• _WORK REQUEST_:
Output the listing below verbatim, but drop the images.

*** Opening of RECORDED DATA ***

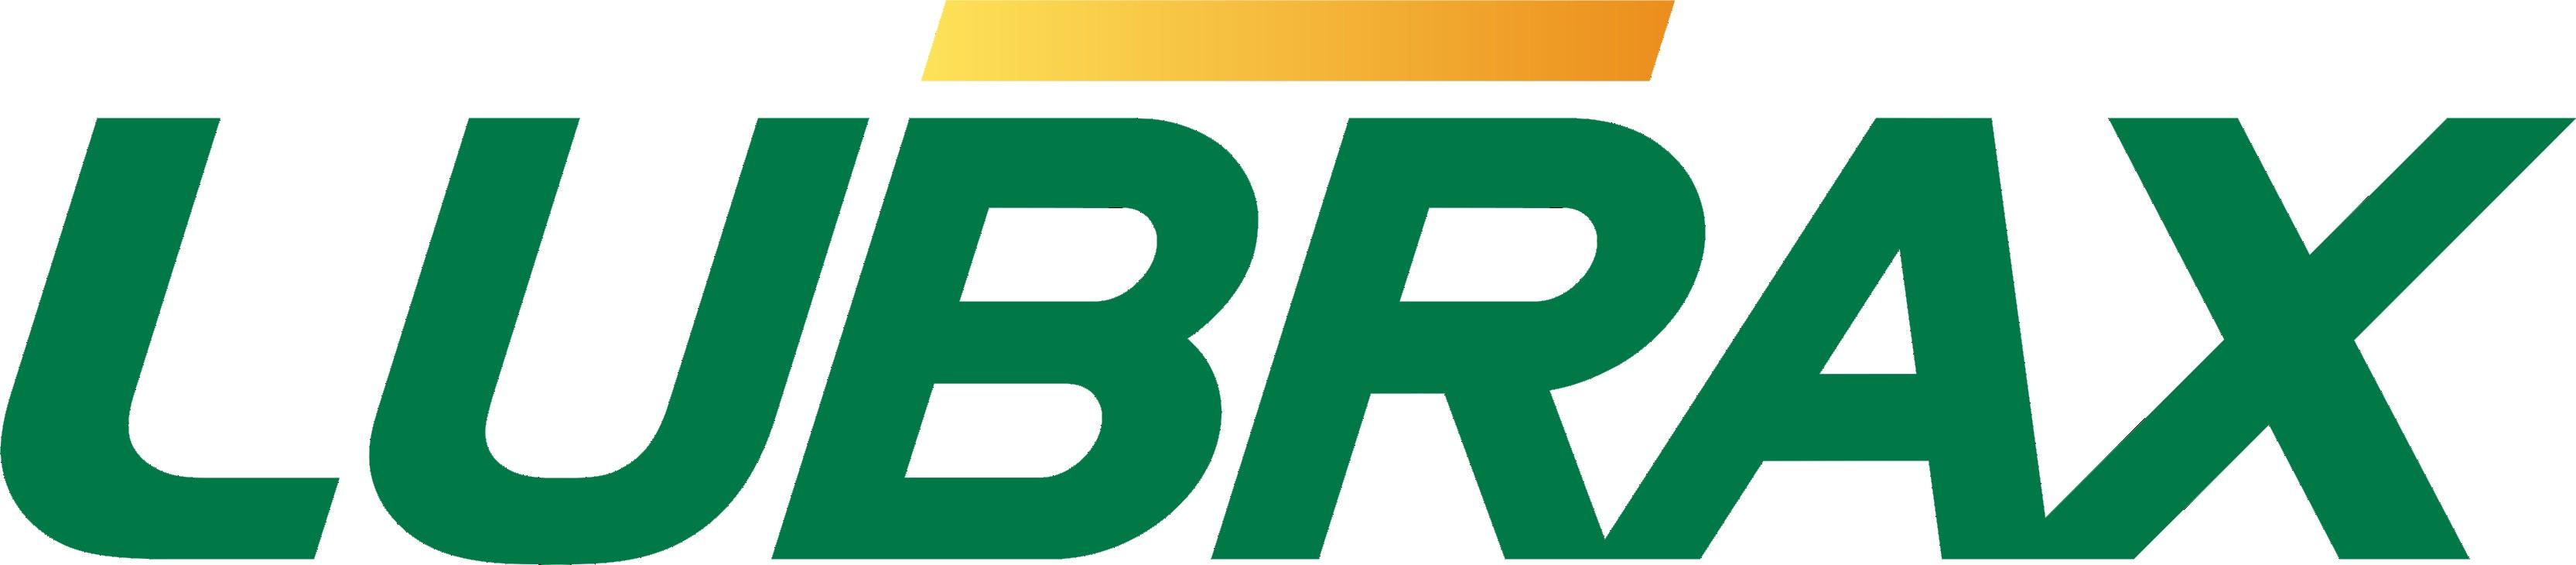 Calendario 2019 Brasil Br Más Recientes Stock Car Corridas torneio Pilotos Carros E Mais
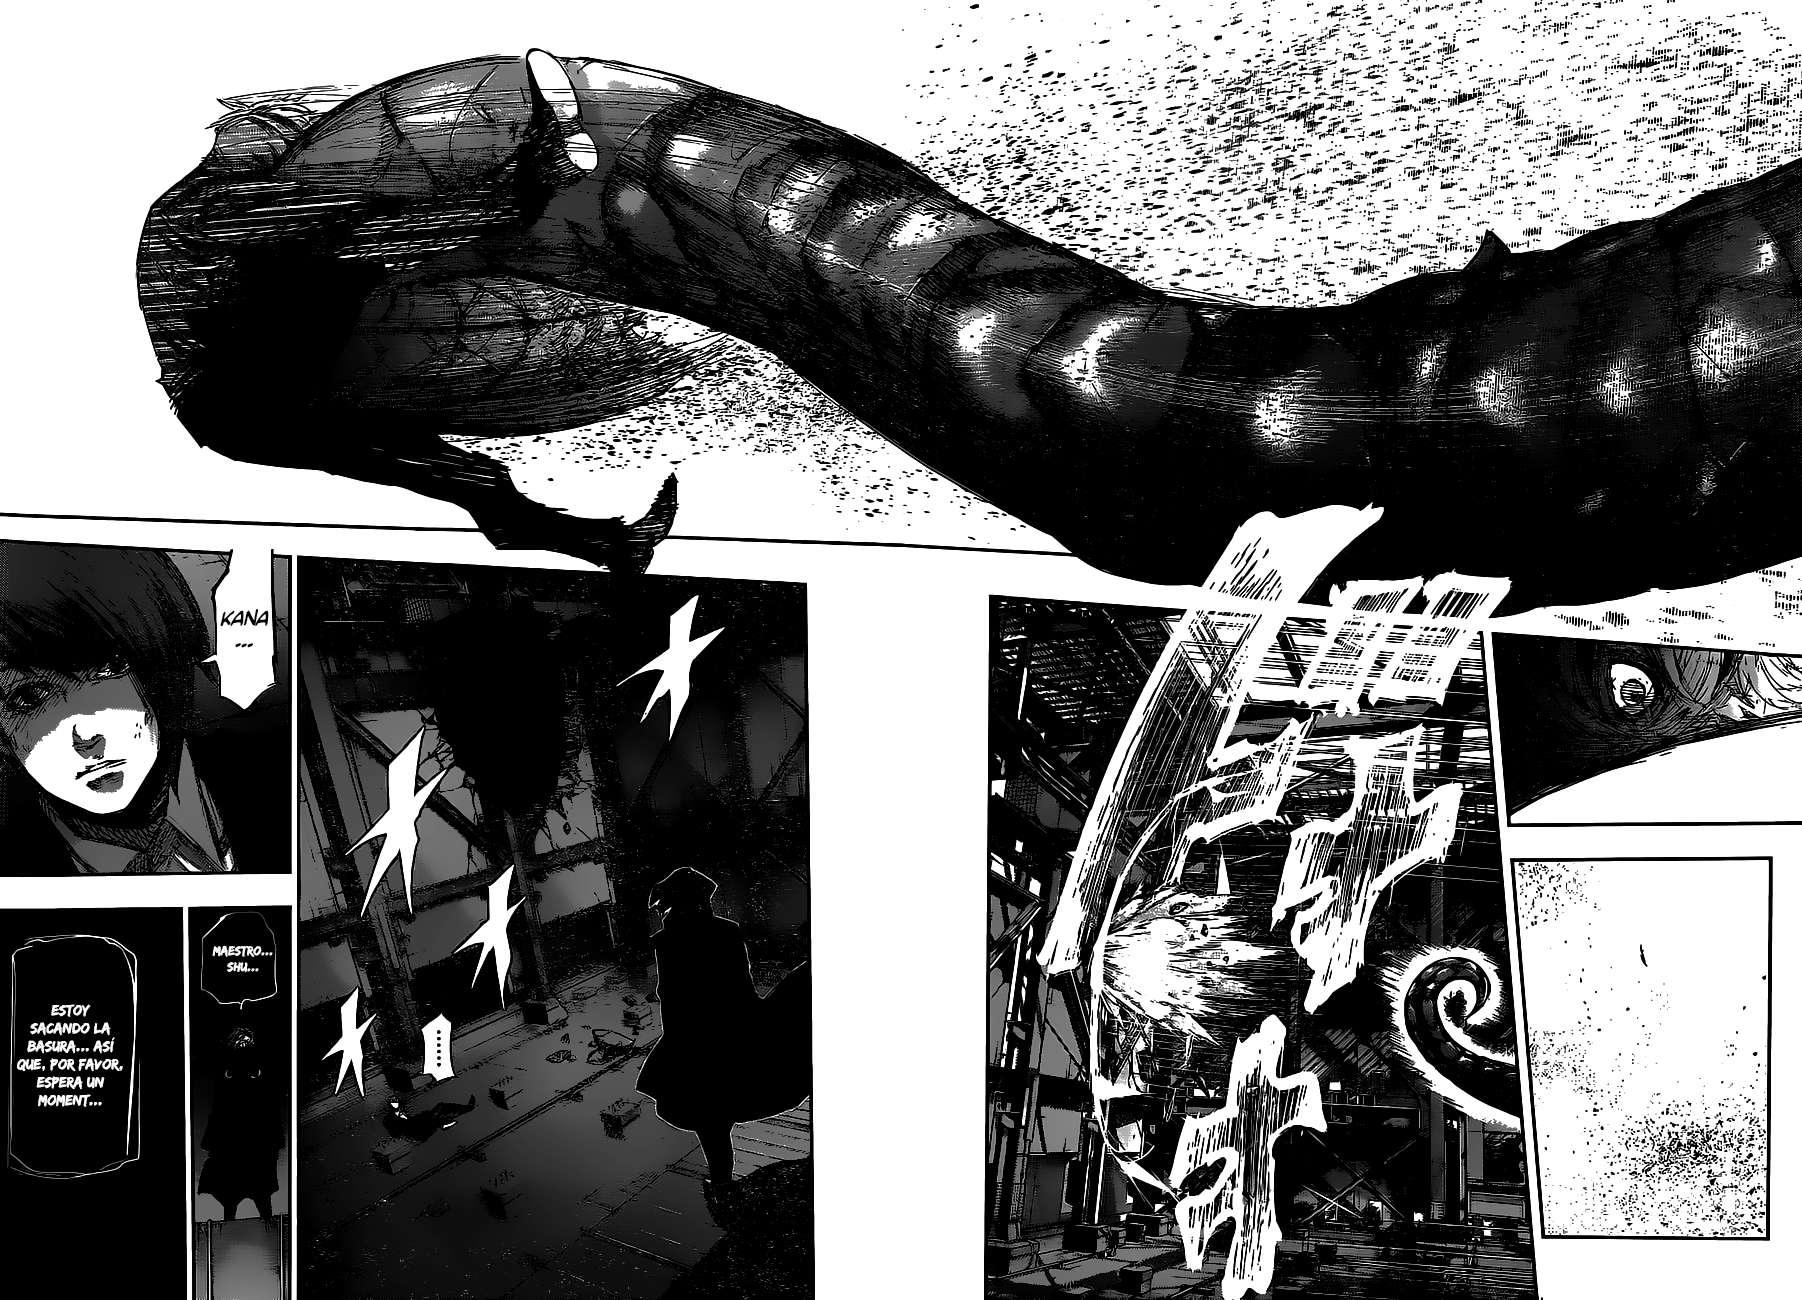 http://c5.ninemanga.com/es_manga/59/59/424182/4198f9d67624156e01306d74490fff41.jpg Page 6
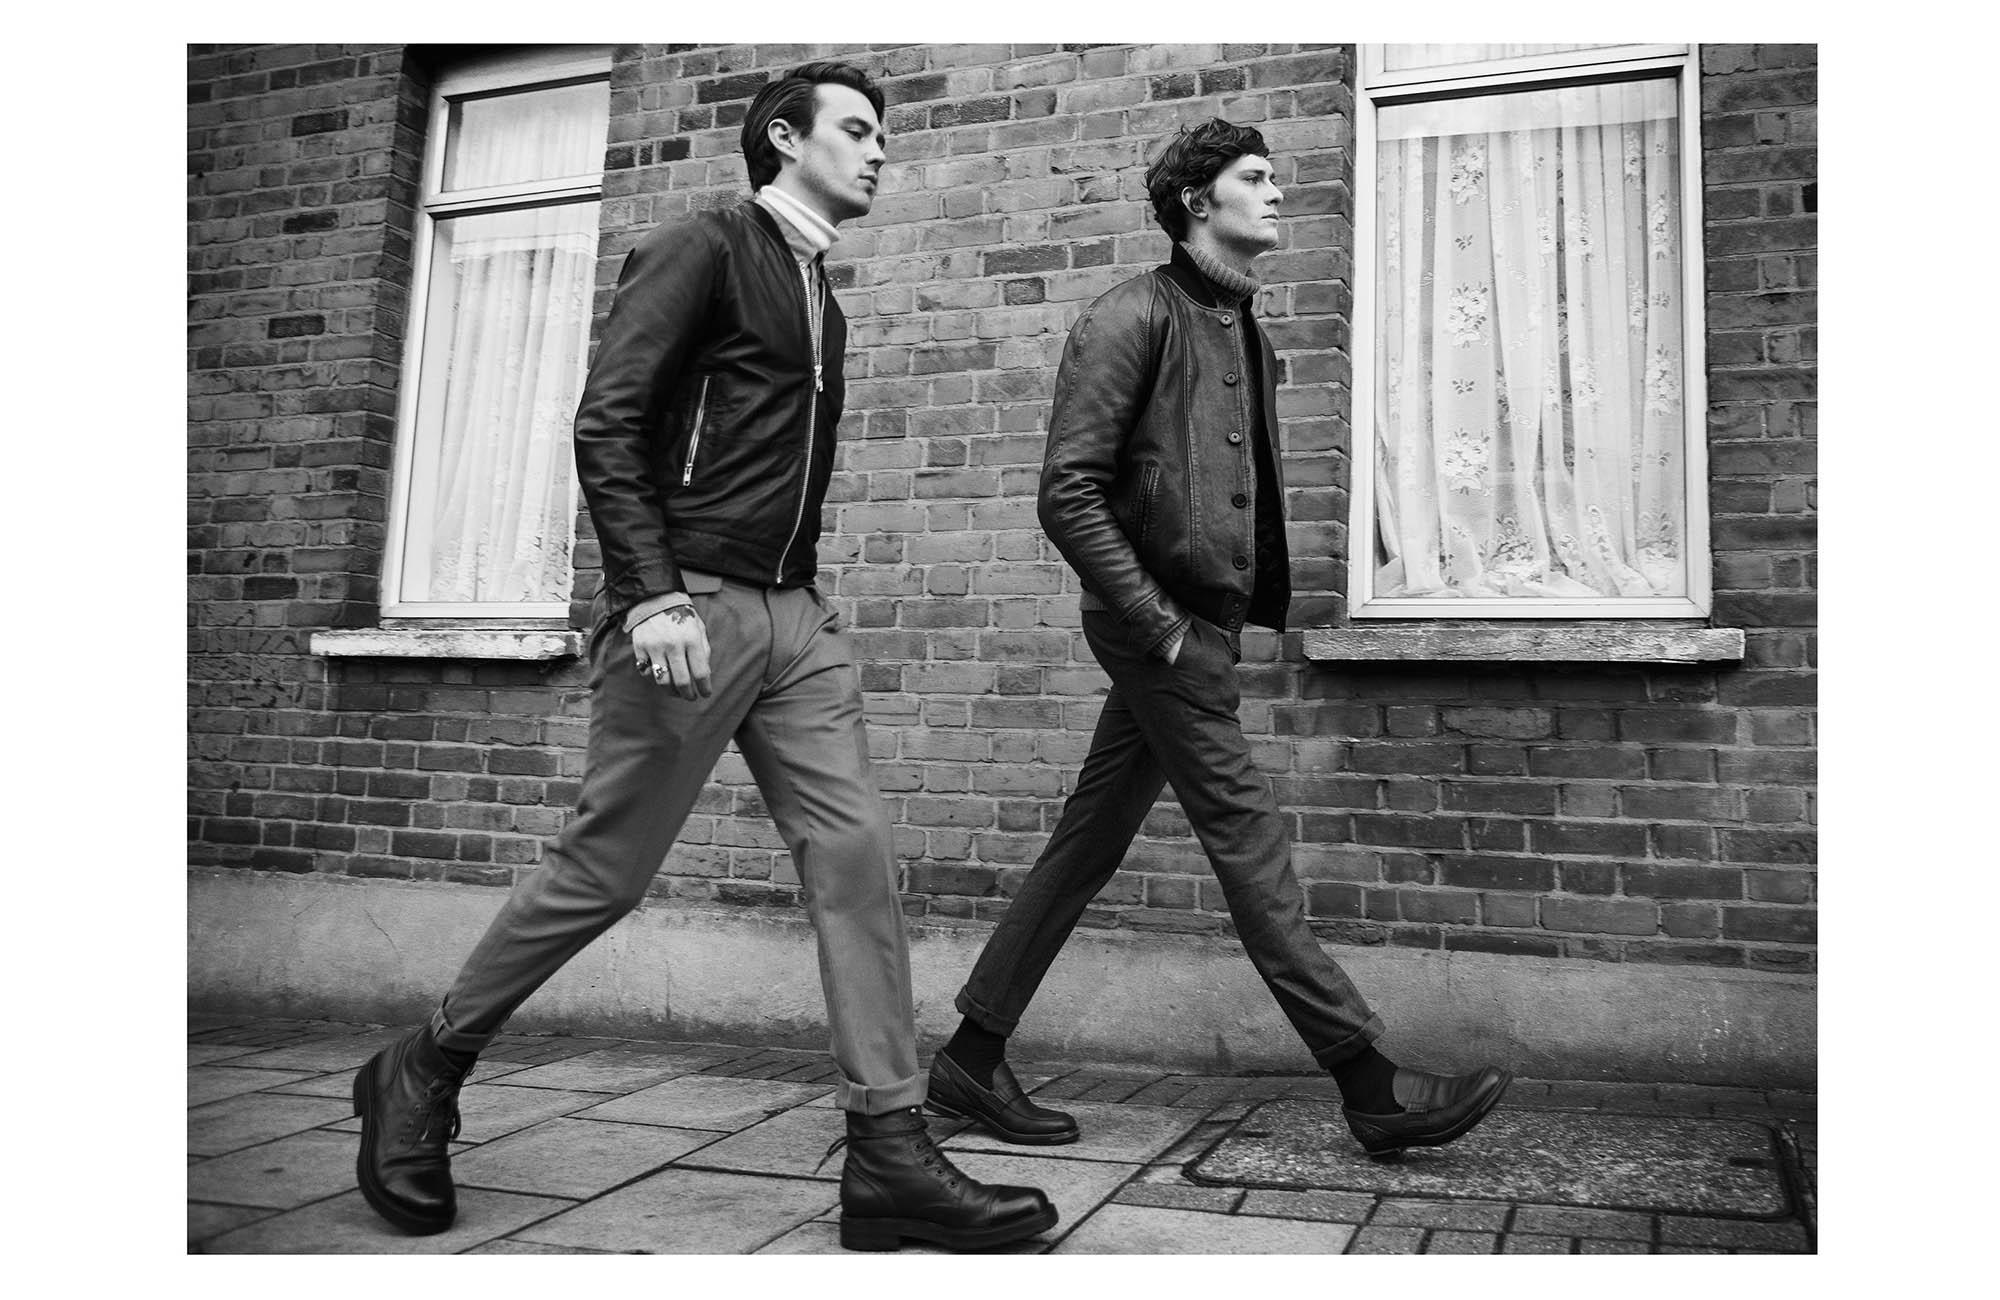 Jocks & Nerds Clapton Park - 4 of 5

*** Close of RECORDED DATA ***

• _TASK OUTPUT_:
 Calendario 2019 Brasil Br Más Recientes Stock Car Corridas torneio Pilotos Carros E Mais
 http://c5.ninemanga.com/es_manga/59/59/424182/4198f9d67624156e01306d74490fff41.jpg Page 6
 Jocks & Nerds Clapton Park - 4 of 5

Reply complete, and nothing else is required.